Diaconescu’s Theorem says that the Axiom of Choice (AOC) implies the Law of Excluded Middle (LEM), but what of the converse? Does the Law of Excluded Middle imply the Axiom of Choice? The answer is no.

# Background Link to heading

I recently ran into a situation where I wanted to prove something was equivalent to the axiom of choice (Specifically the Law of Trichotomy). Remembering Diaconescu’s Theorem, I mistakenly thought for a moment that perhaps the converse holds, hence my proof would be as simple as proving that Law of Trichotomy implies the Law of Excluded Middle.

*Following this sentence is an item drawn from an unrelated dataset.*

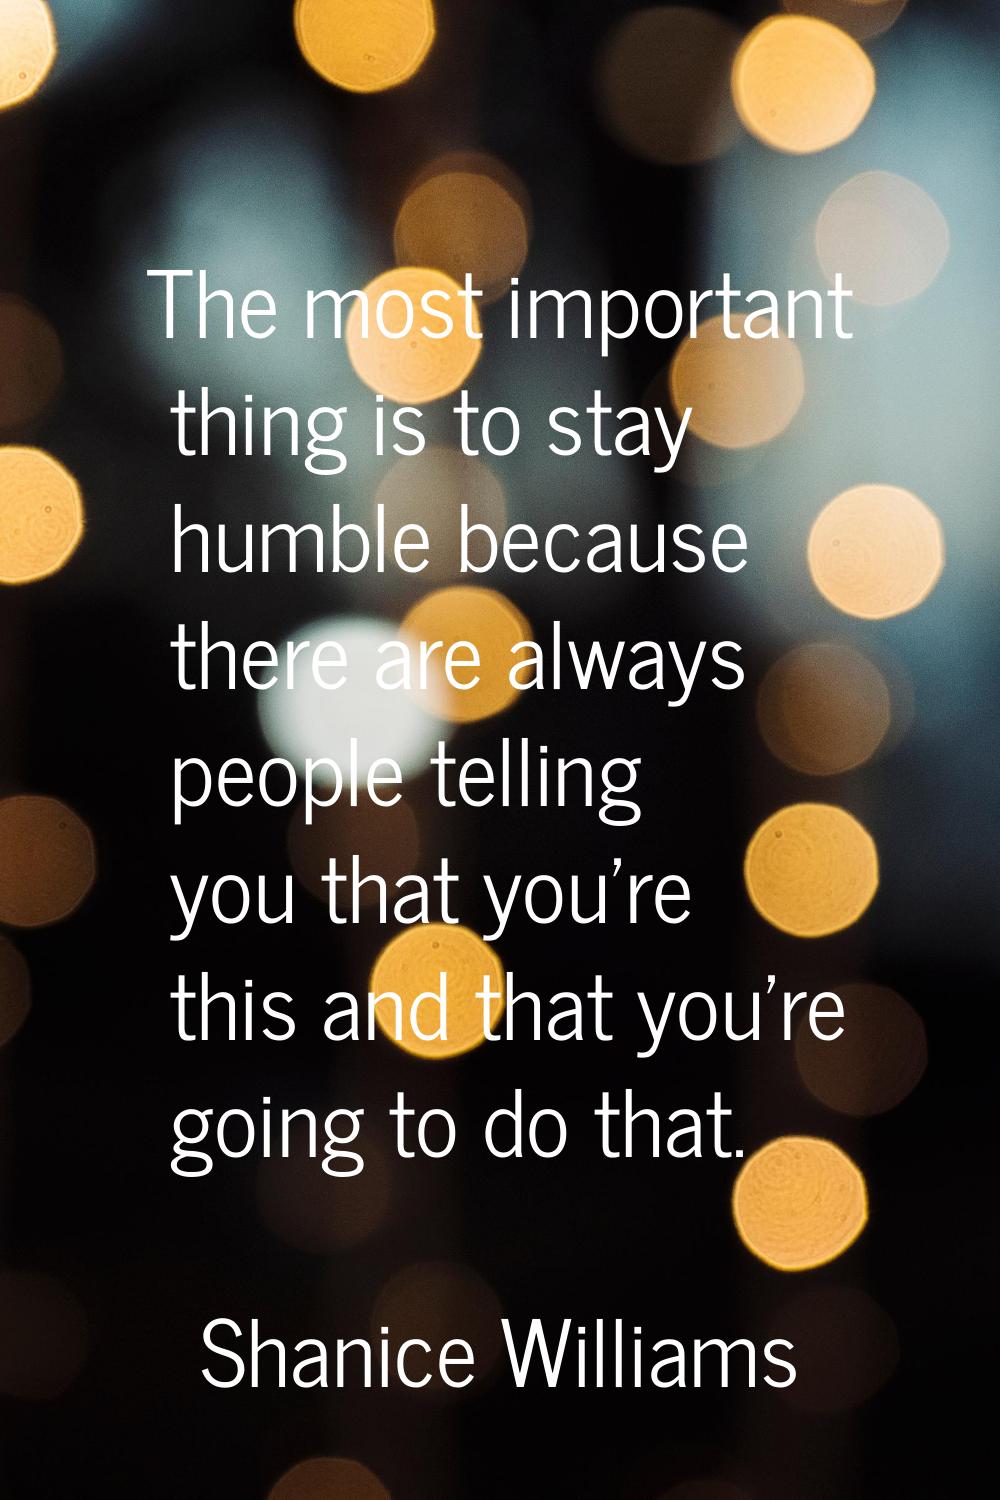 The most important thing is to stay humble because there are always people telling you that you're

Unfortunately for me however, upon remembering some basic independence results, it became obvious that this is not the case.

# Why? Link to heading

Recall that the Axiom of Choice has been proven to be logically independent of Zermelo–Fraenkel set theory(ZF) by Godel and Cohen. This means there does not exist a proof of the AOC in ZF. Recall then, that ZF is typically taken to be a theory of (Classical) First Order Logic (FOL), which includes the LEM. Hence all theorems in FOL are theorems in ZF. Hence if we can not prove the AOC in ZF, who’s theorems are a superset of those in FOL (including the LEM), then it is impossible to use the law of excluded middle to imply the axiom of choice.